24. Find the distance between \( A(0,3) \) and \( B(4,5) \). \( (2 \text { Points })^{*} \) 4.47 8.94 20 35

To find the distance between points \( A(0,3) \) and \( B(4,5) \), we use the distance formula: \[ d = \sqrt{(x_2 - x_1)^2 + (y_2 - y_1)^2} \] Substituting in our points \( A \) and \( B \): \[ d = \sqrt{(4 - 0)^2 + (5 - 3)^2} = \sqrt{4^2 + 2^2} = \sqrt{16 + 4} = \sqrt{20} \approx 4.47 \] So the distance is approximately \( 4.47 \). The forms of this distance formula have been around since the ancient Greeks! Euclid, in his writings, laid down the basics of geometry, including how to measure distance in a two-dimensional plane. Fast forward to today, and it becomes essential for everything from navigation to GPS technology, making it possible to pinpoint locations with incredible accuracy. Isn't it amazing how math from ancient times still plays a crucial role in our modern world?

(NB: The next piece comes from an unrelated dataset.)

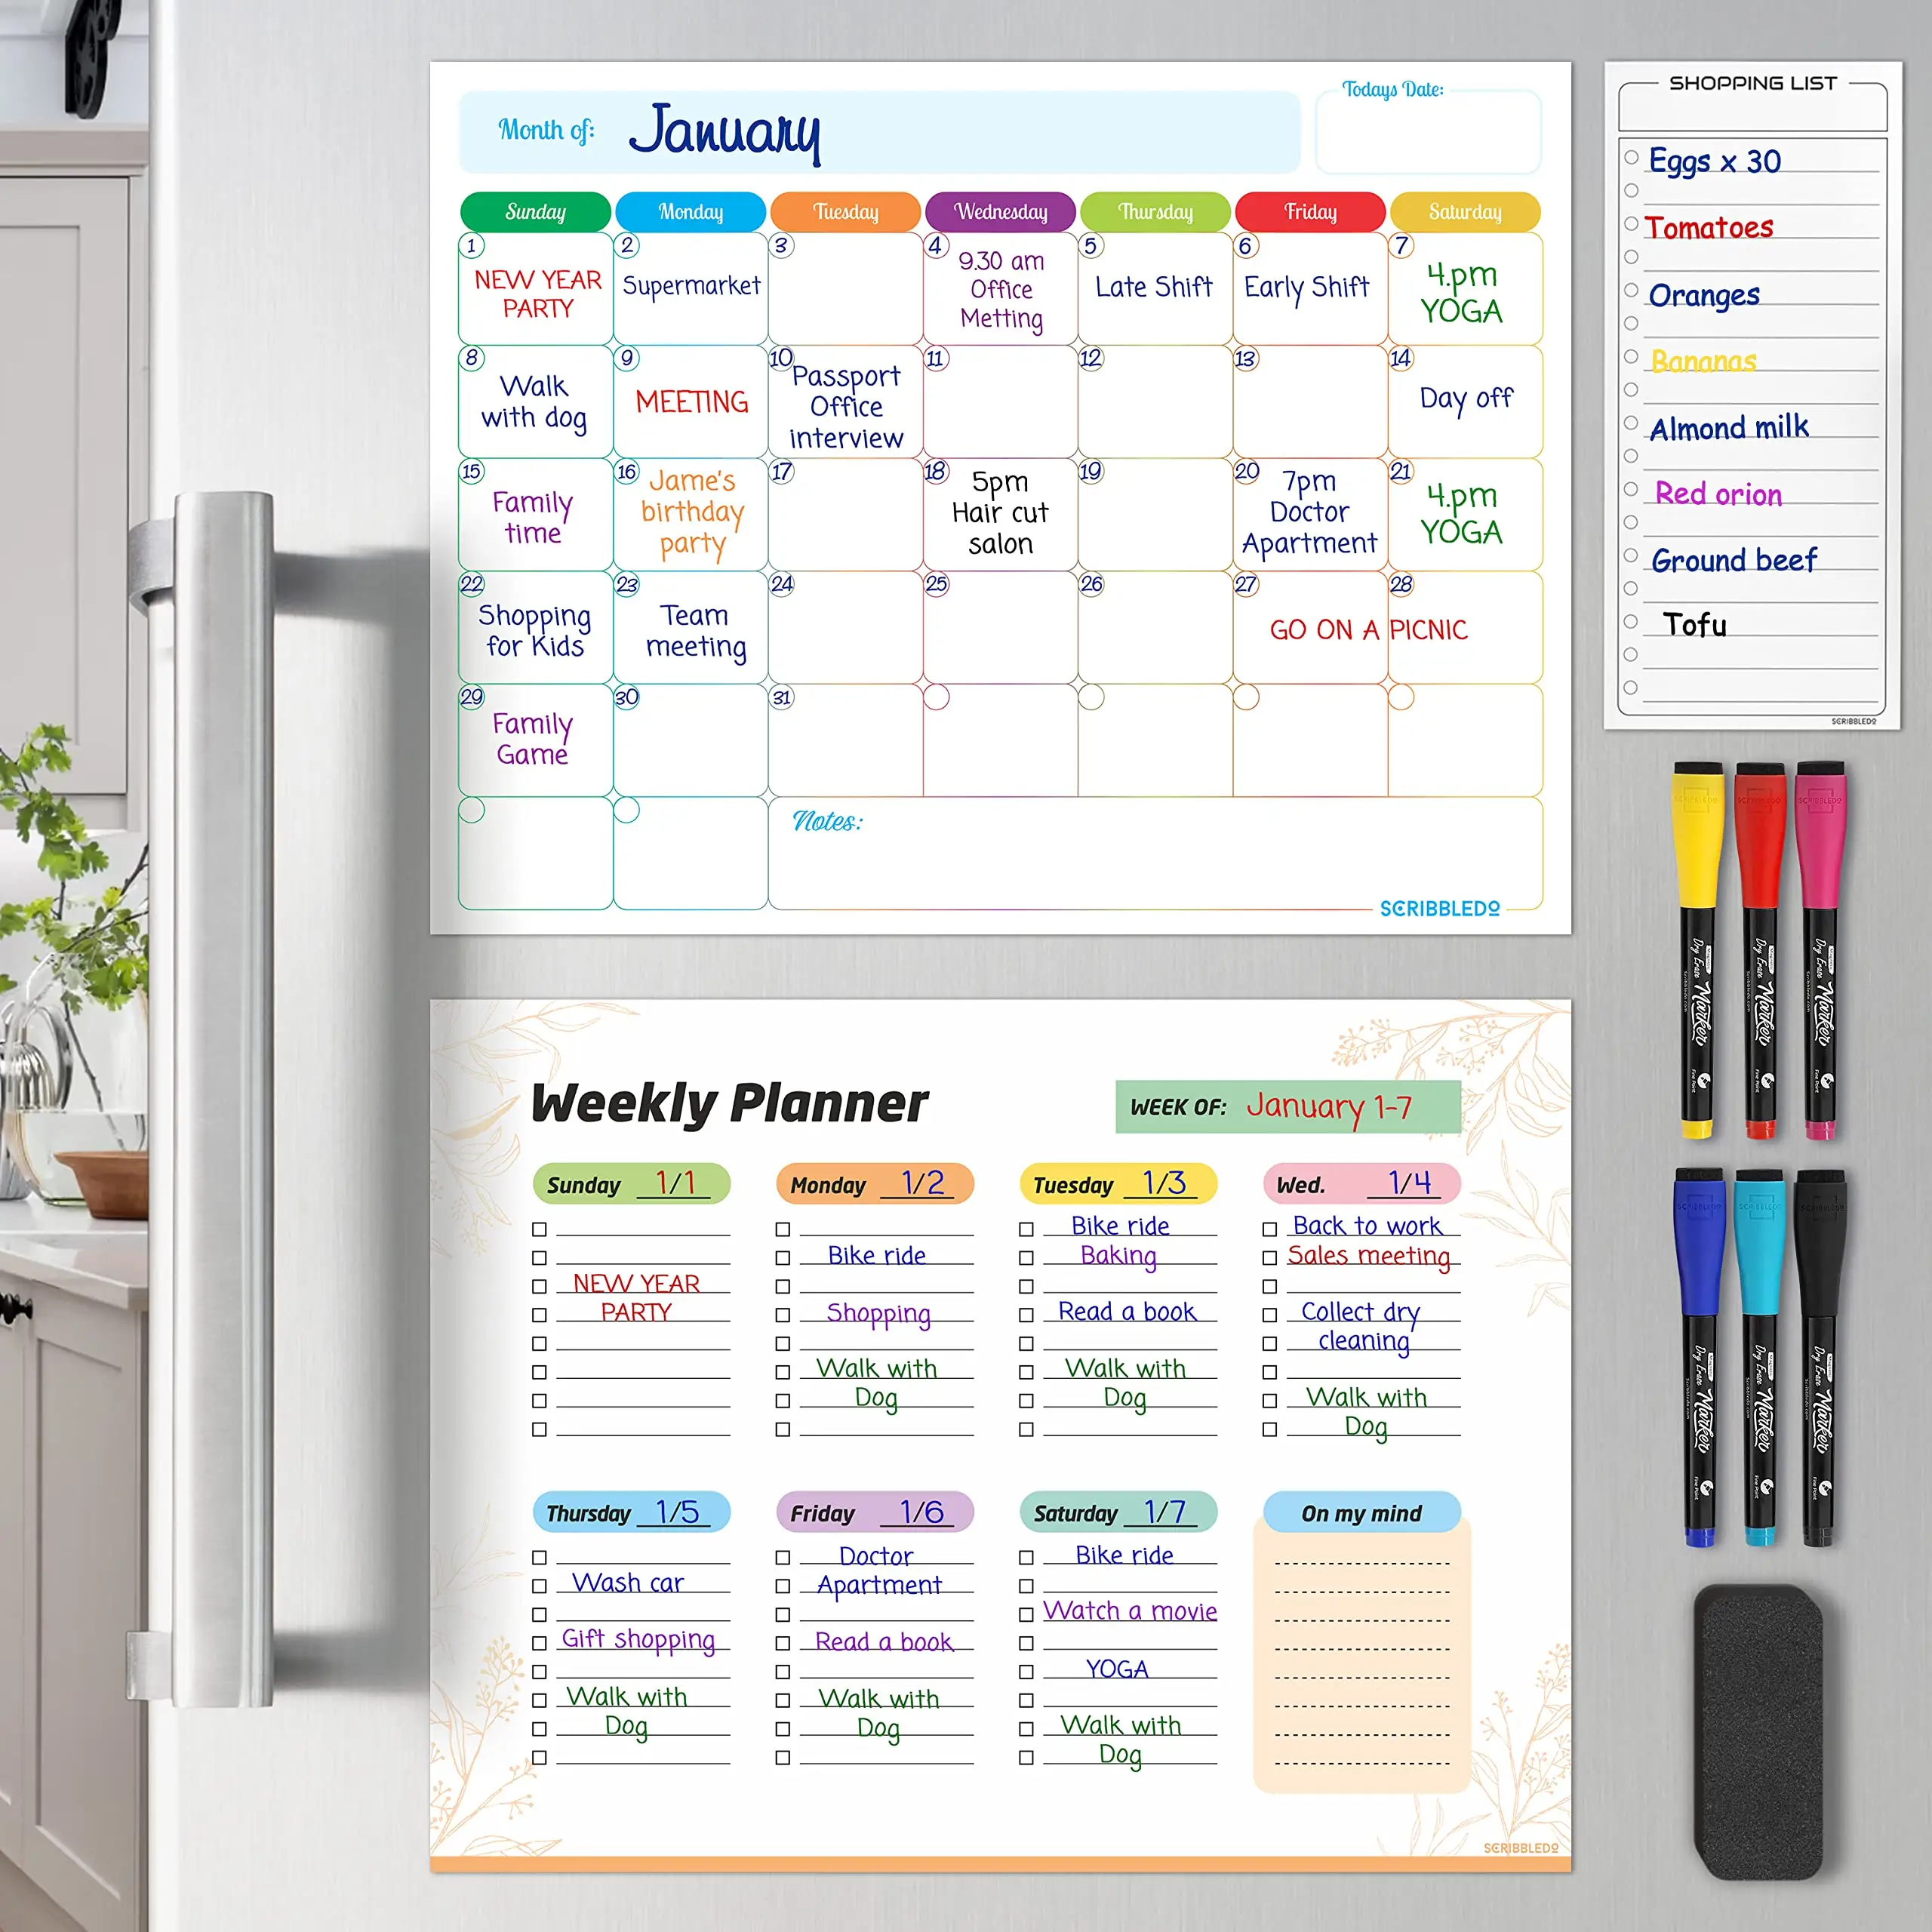 Aile ofis okul manyetik beyaz tahta için liste yapmak için özel buzdolabı mıknatısları kuru silme haftalık aylık planlayıcısı alışveriş bakkal

If you ever find yourself confused by distance calculations, remember this helpful tip: double-check the coordinates you’re plugging in. A common mistake is to mix up the x and y values or even forget to square the differences! Visualization can also be a lifesaver—drawing a quick sketch can help you see the actual distance between points, making calculations feel more intuitive and less daunting.